#### [Directions for this task]
When you reach the line with "uxcell Uxcell 5pcs" in the records below, begin transcribing exactly and continue up to and including the line with "ChicSilver 925 Sterling", leaving out every picture.

#### [Record set]
== Segment start ==
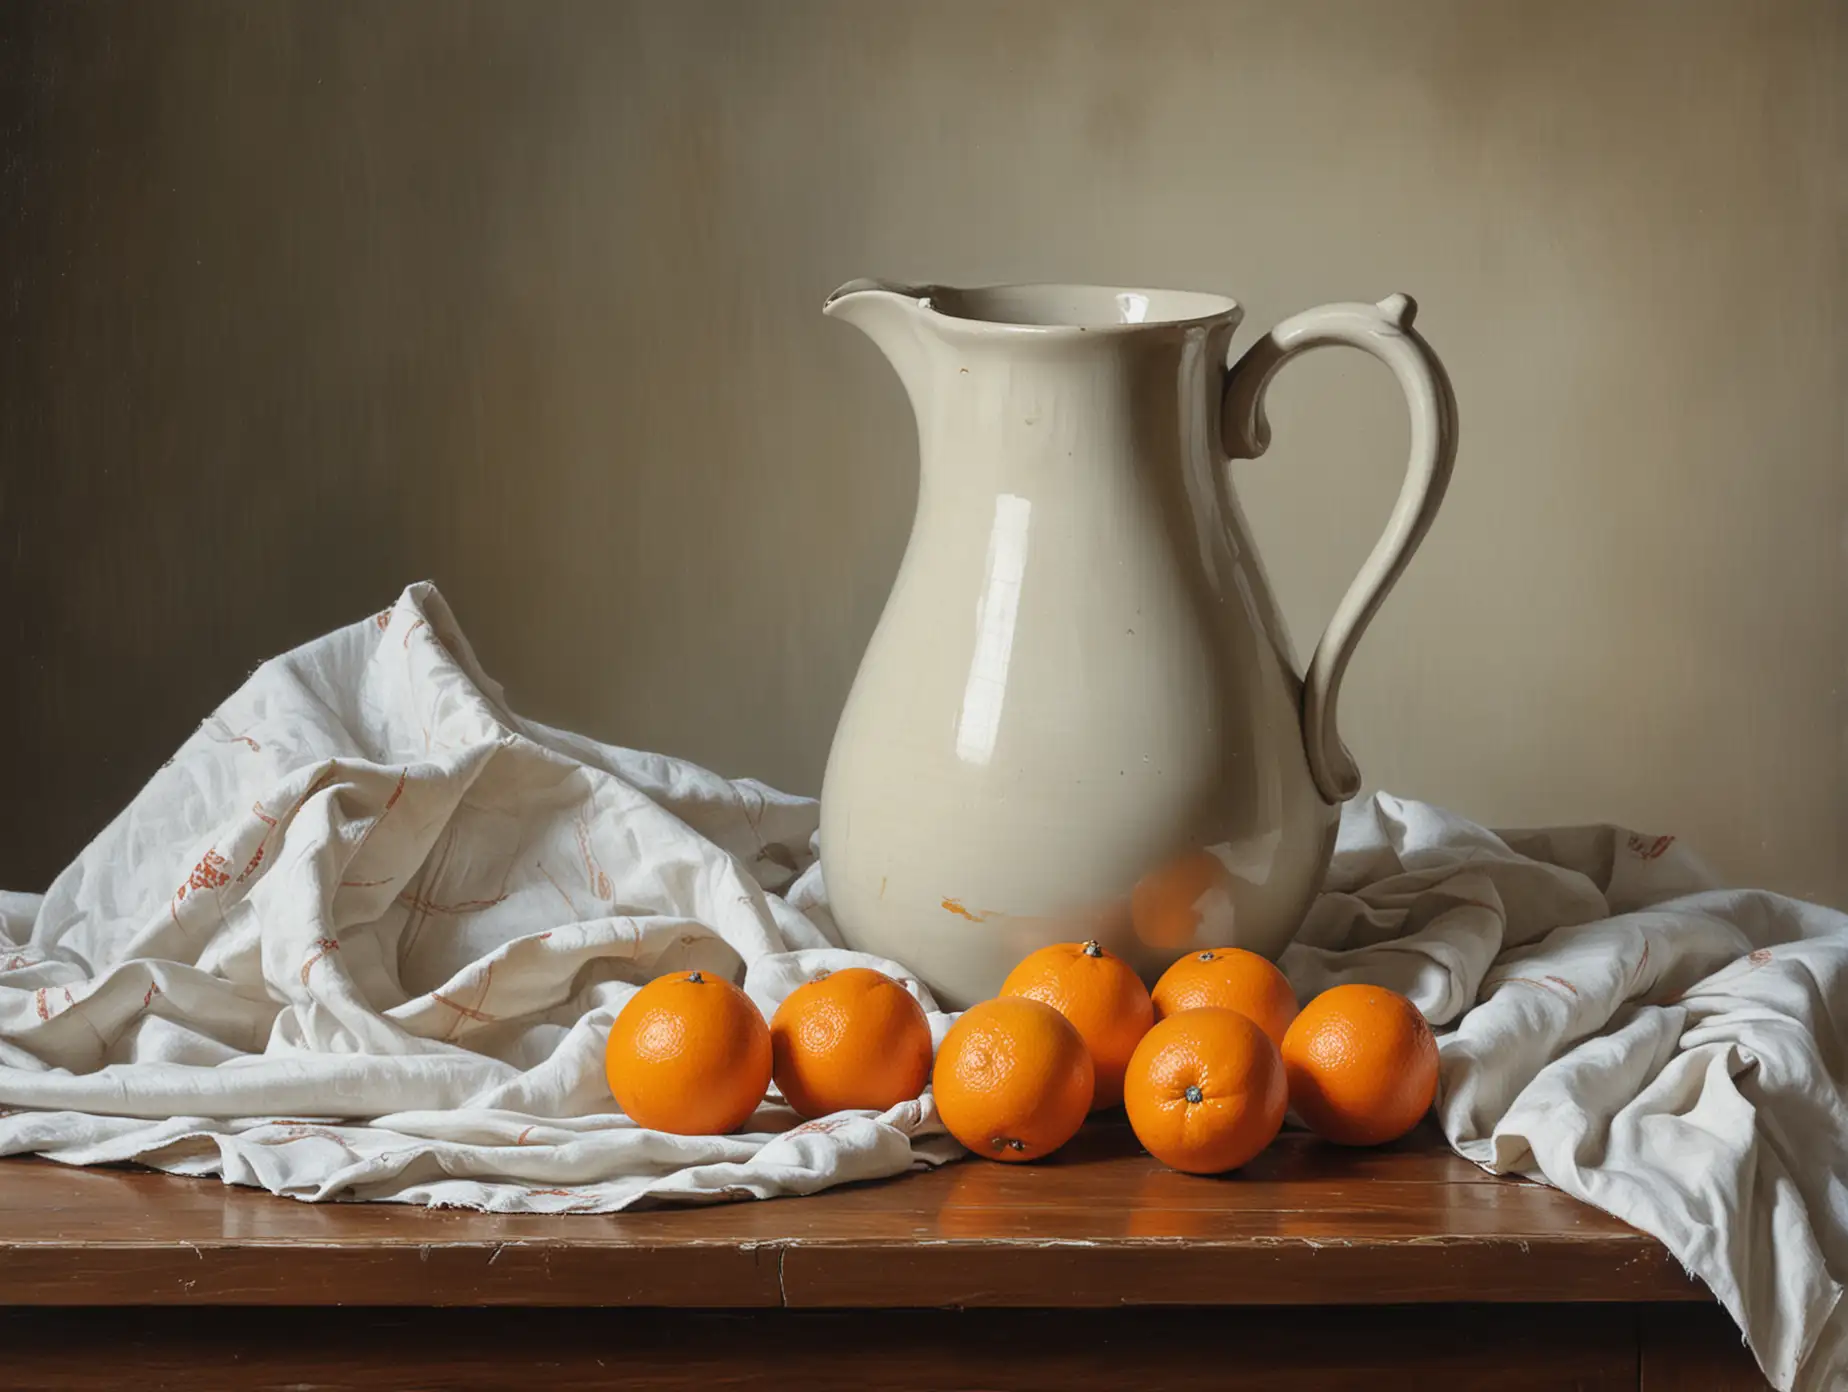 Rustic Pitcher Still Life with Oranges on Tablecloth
== Segment end ==
== Segment start ==
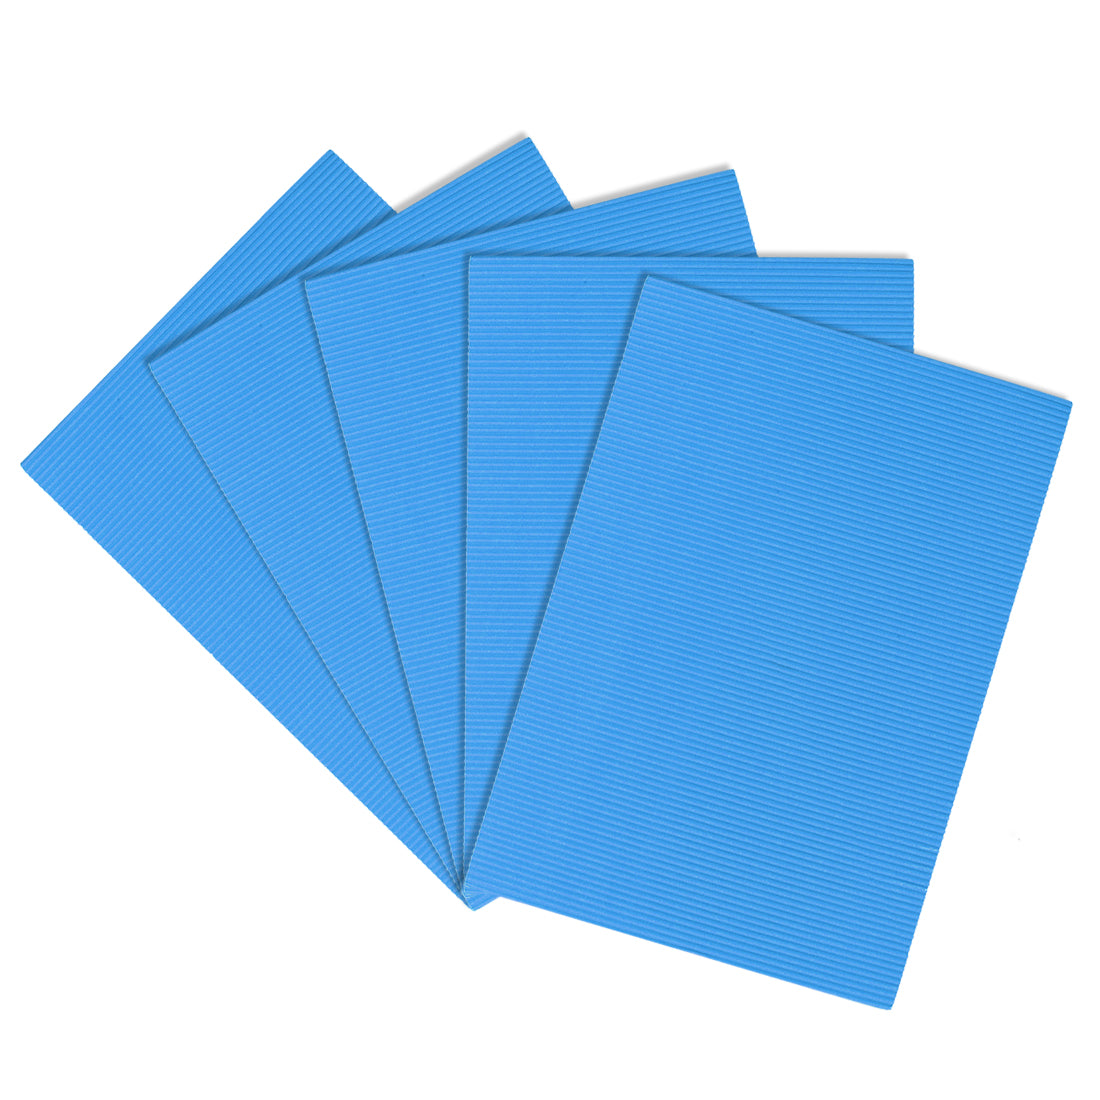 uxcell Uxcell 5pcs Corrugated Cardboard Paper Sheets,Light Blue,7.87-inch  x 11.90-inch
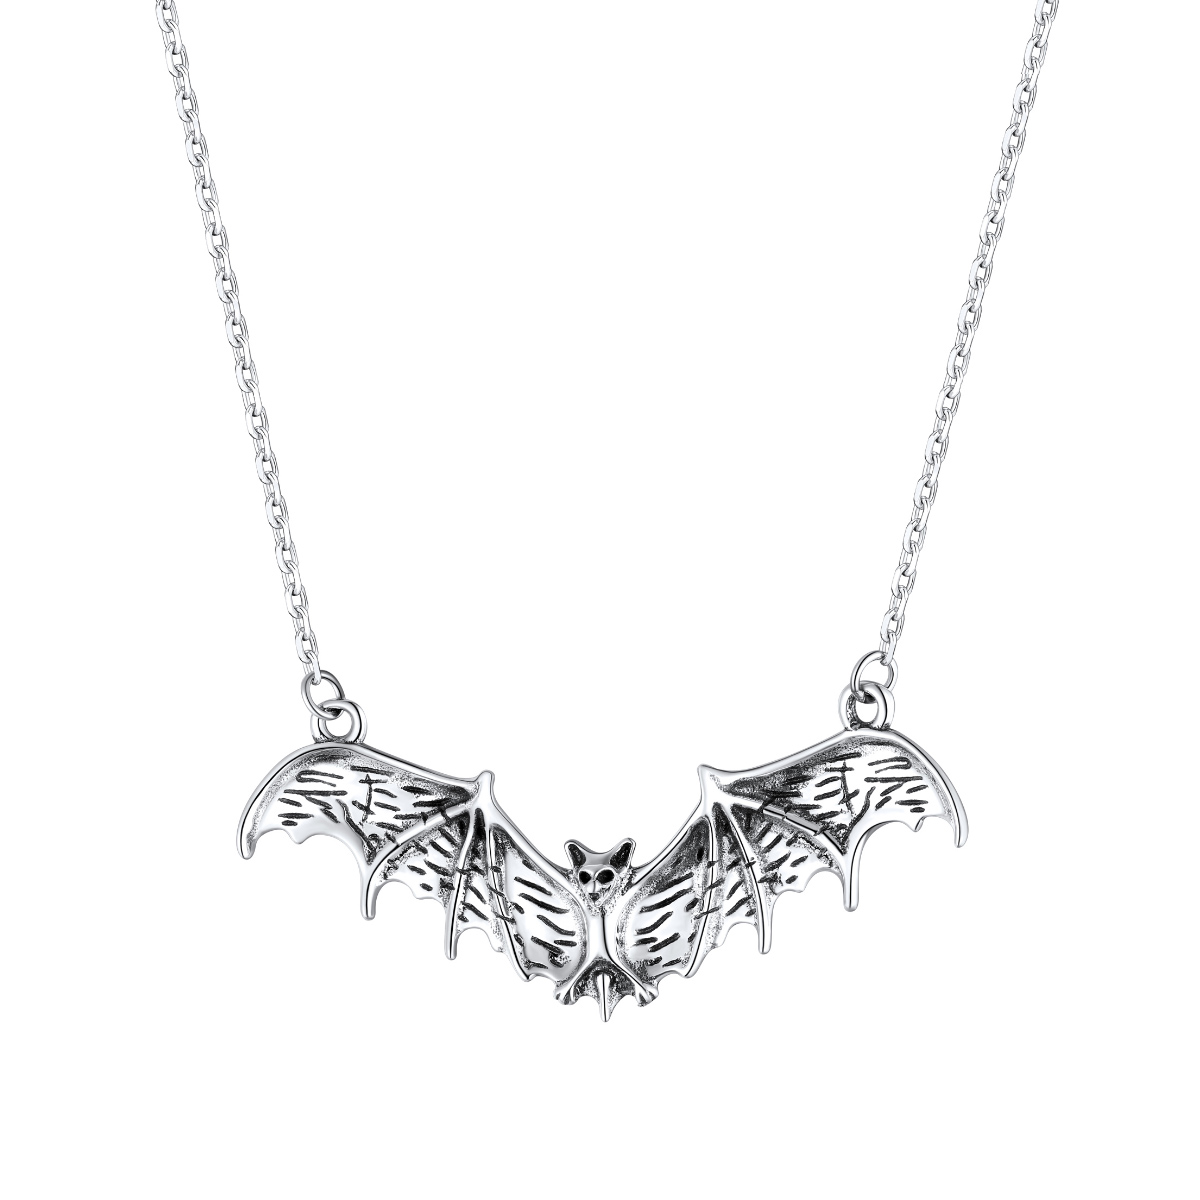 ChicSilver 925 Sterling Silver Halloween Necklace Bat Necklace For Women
== Segment end ==
#### [Answer area]
 uxcell Uxcell 5pcs Corrugated Cardboard Paper Sheets,Light Blue,7.87-inch  x 11.90-inch
 ChicSilver 925 Sterling Silver Halloween Necklace Bat Necklace For Women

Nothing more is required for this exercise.